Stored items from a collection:
------------------------------
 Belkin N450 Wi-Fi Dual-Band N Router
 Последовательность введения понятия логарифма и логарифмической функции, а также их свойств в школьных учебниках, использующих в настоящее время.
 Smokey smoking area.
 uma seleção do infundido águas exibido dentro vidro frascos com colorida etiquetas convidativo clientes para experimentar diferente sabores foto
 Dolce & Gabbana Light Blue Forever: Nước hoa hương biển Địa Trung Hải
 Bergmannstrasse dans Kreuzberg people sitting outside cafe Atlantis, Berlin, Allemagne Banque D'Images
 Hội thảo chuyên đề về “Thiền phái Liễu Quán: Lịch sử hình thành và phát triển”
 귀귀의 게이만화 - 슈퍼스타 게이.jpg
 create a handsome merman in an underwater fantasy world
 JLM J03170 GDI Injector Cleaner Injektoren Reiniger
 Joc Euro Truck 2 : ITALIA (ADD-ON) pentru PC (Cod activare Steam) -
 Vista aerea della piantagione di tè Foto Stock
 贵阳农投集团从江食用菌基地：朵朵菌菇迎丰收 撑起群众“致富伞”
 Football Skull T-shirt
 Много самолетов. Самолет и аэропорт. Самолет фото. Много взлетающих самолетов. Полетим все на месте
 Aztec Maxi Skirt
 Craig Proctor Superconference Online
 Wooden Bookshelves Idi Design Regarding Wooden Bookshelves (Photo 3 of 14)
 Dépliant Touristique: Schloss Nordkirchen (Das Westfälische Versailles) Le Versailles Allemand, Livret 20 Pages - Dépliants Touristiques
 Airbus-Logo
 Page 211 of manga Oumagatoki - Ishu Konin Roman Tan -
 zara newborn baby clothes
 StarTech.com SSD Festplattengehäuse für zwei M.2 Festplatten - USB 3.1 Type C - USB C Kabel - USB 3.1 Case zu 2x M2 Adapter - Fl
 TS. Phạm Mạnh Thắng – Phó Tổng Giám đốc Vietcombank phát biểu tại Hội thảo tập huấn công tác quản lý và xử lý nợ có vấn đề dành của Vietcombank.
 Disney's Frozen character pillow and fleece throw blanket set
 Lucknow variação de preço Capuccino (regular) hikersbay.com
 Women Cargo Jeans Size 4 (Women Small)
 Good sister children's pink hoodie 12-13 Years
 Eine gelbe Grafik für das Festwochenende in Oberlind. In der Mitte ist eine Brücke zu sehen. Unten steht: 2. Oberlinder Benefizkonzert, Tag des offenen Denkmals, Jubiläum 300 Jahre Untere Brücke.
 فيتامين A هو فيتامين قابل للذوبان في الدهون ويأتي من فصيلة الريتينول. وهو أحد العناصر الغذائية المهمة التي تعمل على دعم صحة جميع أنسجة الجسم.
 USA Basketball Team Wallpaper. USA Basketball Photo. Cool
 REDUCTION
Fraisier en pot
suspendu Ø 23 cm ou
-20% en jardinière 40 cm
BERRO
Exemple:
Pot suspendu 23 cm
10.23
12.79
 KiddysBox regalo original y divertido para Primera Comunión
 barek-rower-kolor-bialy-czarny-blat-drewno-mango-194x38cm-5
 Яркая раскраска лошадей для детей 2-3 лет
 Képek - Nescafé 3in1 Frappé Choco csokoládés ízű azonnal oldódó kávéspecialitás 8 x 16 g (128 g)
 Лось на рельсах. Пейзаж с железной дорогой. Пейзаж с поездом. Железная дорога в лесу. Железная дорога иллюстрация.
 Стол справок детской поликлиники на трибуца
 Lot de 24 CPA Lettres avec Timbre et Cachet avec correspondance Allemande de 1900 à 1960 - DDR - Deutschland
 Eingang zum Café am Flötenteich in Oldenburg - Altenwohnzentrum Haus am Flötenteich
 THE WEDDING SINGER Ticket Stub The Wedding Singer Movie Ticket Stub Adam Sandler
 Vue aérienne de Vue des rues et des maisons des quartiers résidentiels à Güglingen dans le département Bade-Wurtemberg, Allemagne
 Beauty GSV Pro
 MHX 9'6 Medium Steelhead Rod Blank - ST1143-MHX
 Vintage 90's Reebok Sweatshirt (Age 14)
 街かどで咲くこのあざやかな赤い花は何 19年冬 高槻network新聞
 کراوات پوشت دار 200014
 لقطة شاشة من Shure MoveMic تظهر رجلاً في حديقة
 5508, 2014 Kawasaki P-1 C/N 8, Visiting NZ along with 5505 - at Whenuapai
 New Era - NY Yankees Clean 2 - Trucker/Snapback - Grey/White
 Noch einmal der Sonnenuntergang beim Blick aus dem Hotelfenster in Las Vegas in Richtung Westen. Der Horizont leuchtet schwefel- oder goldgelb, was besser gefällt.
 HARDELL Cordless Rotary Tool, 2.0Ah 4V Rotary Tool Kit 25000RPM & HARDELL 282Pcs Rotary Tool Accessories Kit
------------------------------
Restate every entry exactly. Leave nothing out.

 Belkin N450 Wi-Fi Dual-Band N Router
 Последовательность введения понятия логарифма и логарифмической функции, а также их свойств в школьных учебниках, использующих в настоящее время.
 Smokey smoking area.
 uma seleção do infundido águas exibido dentro vidro frascos com colorida etiquetas convidativo clientes para experimentar diferente sabores foto
 Dolce & Gabbana Light Blue Forever: Nước hoa hương biển Địa Trung Hải
 Bergmannstrasse dans Kreuzberg people sitting outside cafe Atlantis, Berlin, Allemagne Banque D'Images
 Hội thảo chuyên đề về “Thiền phái Liễu Quán: Lịch sử hình thành và phát triển”
 귀귀의 게이만화 - 슈퍼스타 게이.jpg
 create a handsome merman in an underwater fantasy world
 JLM J03170 GDI Injector Cleaner Injektoren Reiniger
 Joc Euro Truck 2 : ITALIA (ADD-ON) pentru PC (Cod activare Steam) -
 Vista aerea della piantagione di tè Foto Stock
 贵阳农投集团从江食用菌基地：朵朵菌菇迎丰收 撑起群众“致富伞”
 Football Skull T-shirt
 Много самолетов. Самолет и аэропорт. Самолет фото. Много взлетающих самолетов. Полетим все на месте
 Aztec Maxi Skirt
 Craig Proctor Superconference Online
 Wooden Bookshelves Idi Design Regarding Wooden Bookshelves (Photo 3 of 14)
 Dépliant Touristique: Schloss Nordkirchen (Das Westfälische Versailles) Le Versailles Allemand, Livret 20 Pages - Dépliants Touristiques
 Airbus-Logo
 Page 211 of manga Oumagatoki - Ishu Konin Roman Tan -
 zara newborn baby clothes
 StarTech.com SSD Festplattengehäuse für zwei M.2 Festplatten - USB 3.1 Type C - USB C Kabel - USB 3.1 Case zu 2x M2 Adapter - Fl
 TS. Phạm Mạnh Thắng – Phó Tổng Giám đốc Vietcombank phát biểu tại Hội thảo tập huấn công tác quản lý và xử lý nợ có vấn đề dành của Vietcombank.
 Disney's Frozen character pillow and fleece throw blanket set
 Lucknow variação de preço Capuccino (regular) hikersbay.com
 Women Cargo Jeans Size 4 (Women Small)
 Good sister children's pink hoodie 12-13 Years
 Eine gelbe Grafik für das Festwochenende in Oberlind. In der Mitte ist eine Brücke zu sehen. Unten steht: 2. Oberlinder Benefizkonzert, Tag des offenen Denkmals, Jubiläum 300 Jahre Untere Brücke.
 فيتامين A هو فيتامين قابل للذوبان في الدهون ويأتي من فصيلة الريتينول. وهو أحد العناصر الغذائية المهمة التي تعمل على دعم صحة جميع أنسجة الجسم.
 USA Basketball Team Wallpaper. USA Basketball Photo. Cool
 REDUCTION
Fraisier en pot
suspendu Ø 23 cm ou
-20% en jardinière 40 cm
BERRO
Exemple:
Pot suspendu 23 cm
10.23
12.79
 KiddysBox regalo original y divertido para Primera Comunión
 barek-rower-kolor-bialy-czarny-blat-drewno-mango-194x38cm-5
 Яркая раскраска лошадей для детей 2-3 лет
 Képek - Nescafé 3in1 Frappé Choco csokoládés ízű azonnal oldódó kávéspecialitás 8 x 16 g (128 g)
 Лось на рельсах. Пейзаж с железной дорогой. Пейзаж с поездом. Железная дорога в лесу. Железная дорога иллюстрация.
 Стол справок детской поликлиники на трибуца
 Lot de 24 CPA Lettres avec Timbre et Cachet avec correspondance Allemande de 1900 à 1960 - DDR - Deutschland
 Eingang zum Café am Flötenteich in Oldenburg - Altenwohnzentrum Haus am Flötenteich
 THE WEDDING SINGER Ticket Stub The Wedding Singer Movie Ticket Stub Adam Sandler
 Vue aérienne de Vue des rues et des maisons des quartiers résidentiels à Güglingen dans le département Bade-Wurtemberg, Allemagne
 Beauty GSV Pro
 MHX 9'6 Medium Steelhead Rod Blank - ST1143-MHX
 Vintage 90's Reebok Sweatshirt (Age 14)
 街かどで咲くこのあざやかな赤い花は何 19年冬 高槻network新聞
 کراوات پوشت دار 200014
 لقطة شاشة من Shure MoveMic تظهر رجلاً في حديقة
 5508, 2014 Kawasaki P-1 C/N 8, Visiting NZ along with 5505 - at Whenuapai
 New Era - NY Yankees Clean 2 - Trucker/Snapback - Grey/White
 Noch einmal der Sonnenuntergang beim Blick aus dem Hotelfenster in Las Vegas in Richtung Westen. Der Horizont leuchtet schwefel- oder goldgelb, was besser gefällt.
 HARDELL Cordless Rotary Tool, 2.0Ah 4V Rotary Tool Kit 25000RPM & HARDELL 282Pcs Rotary Tool Accessories Kit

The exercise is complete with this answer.